Donna rolled her eyes. ‘No,’ said Pete. ‘It’s not like that. I used to call her my work wife, y’know? Like when you have somebody at work you can moan at, and who moans at you?’

‘No…’ said Donna.

‘Then she left when she had her little girl, and now she’s a freelance marketing consultant making a packet. She’s my mate, y’know? She and her husband let me stay at their place for a month when I split up with my ex, I’m her little girl’s godfather, that sort of thing.’

‘Right,’ said Donna. ‘Although… she can’t be that good a mate if she’s making you wear a light blue shirt on a date.’

‘Yeah. We’ll have to have words.’

They sipped their drinks again.

‘So when was that?’ asked Donna.

‘What?’

‘When you split up with your ex.’

Pete cast his eyes around the restaurant, as he did whenever he was asked an awkward question. It made him look shifty, rather than uncomfortable.

‘About two… two and a half years ago.

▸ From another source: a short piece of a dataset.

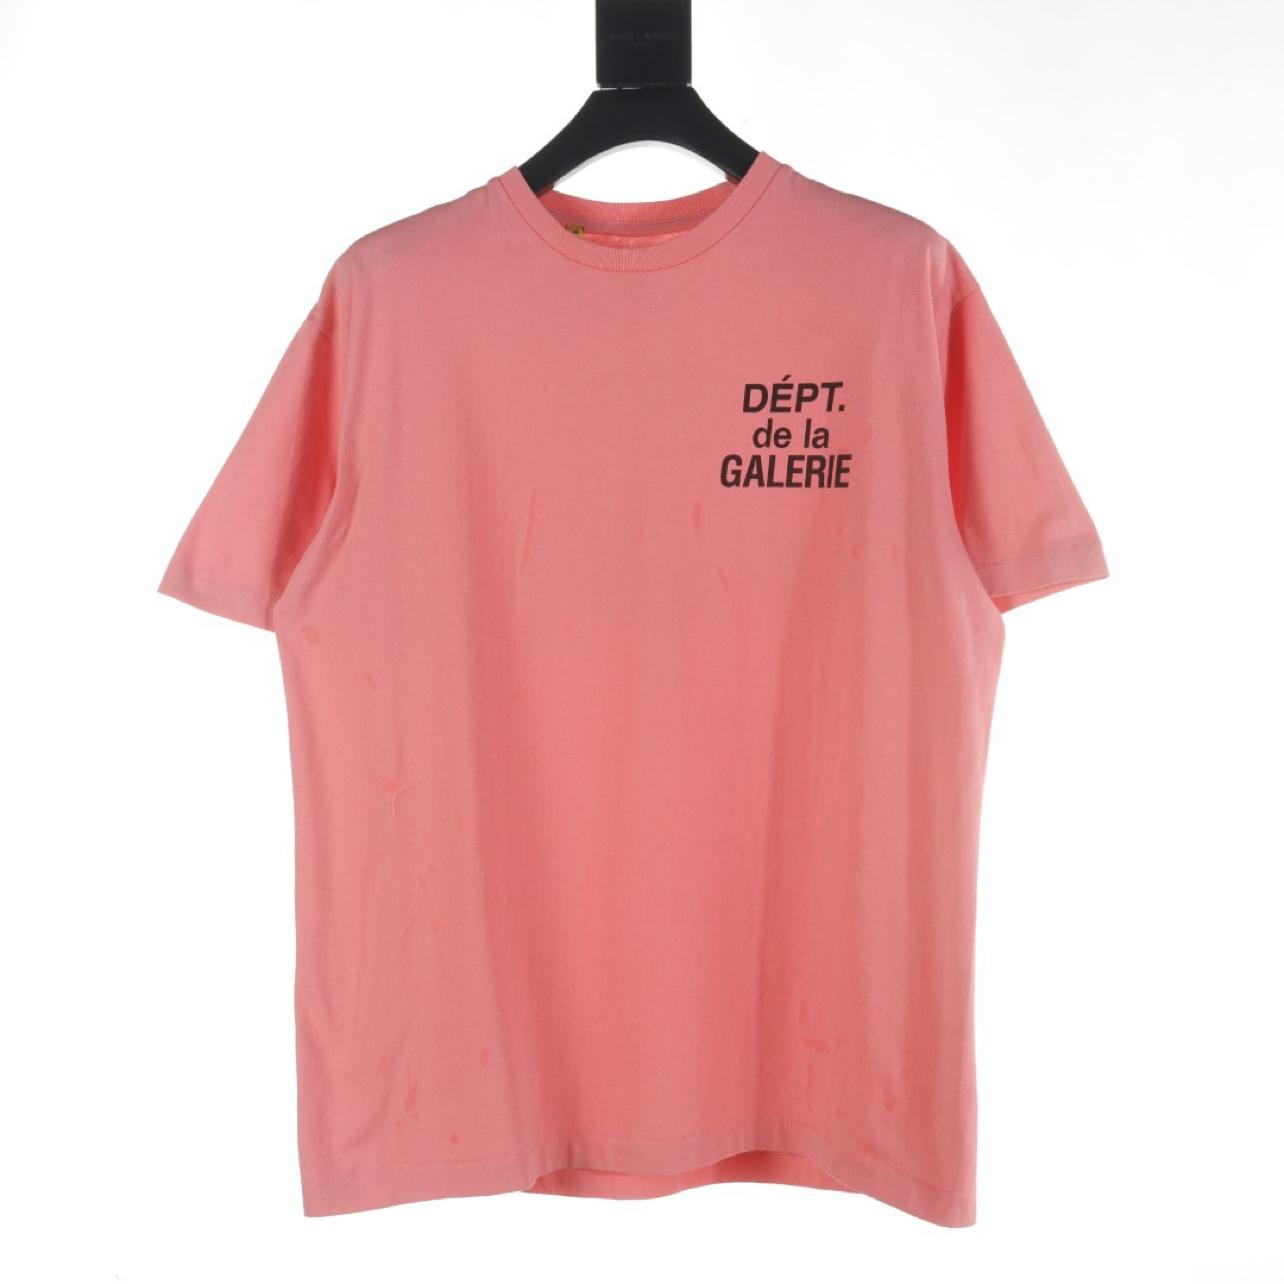 Gallery Dept.Cotton-Jersey T-Shirt - DesignerGu

This is my first date since.’

‘Wow,’ said Donna. ‘How long were you together?’

‘Seven years. Ish.’

‘Long time. Any kids?’

For a moment Pete thought about the two blue lines and the second set of two blue lines – just to make sure – and the first scan, that turned out to be the only scan.

‘No.’

‘Brothers, sisters?’

‘Yeah, one brother, two sisters.’

‘Parents?’

‘Mum and dad. Not any more.’

‘I’m sorry,’ said Donna. ‘God, they must have been young when they…’

‘Yeah.’

‘Do you see much of your family?’

Pete sighed. ‘No. We kind of lost touch. You know how it is.’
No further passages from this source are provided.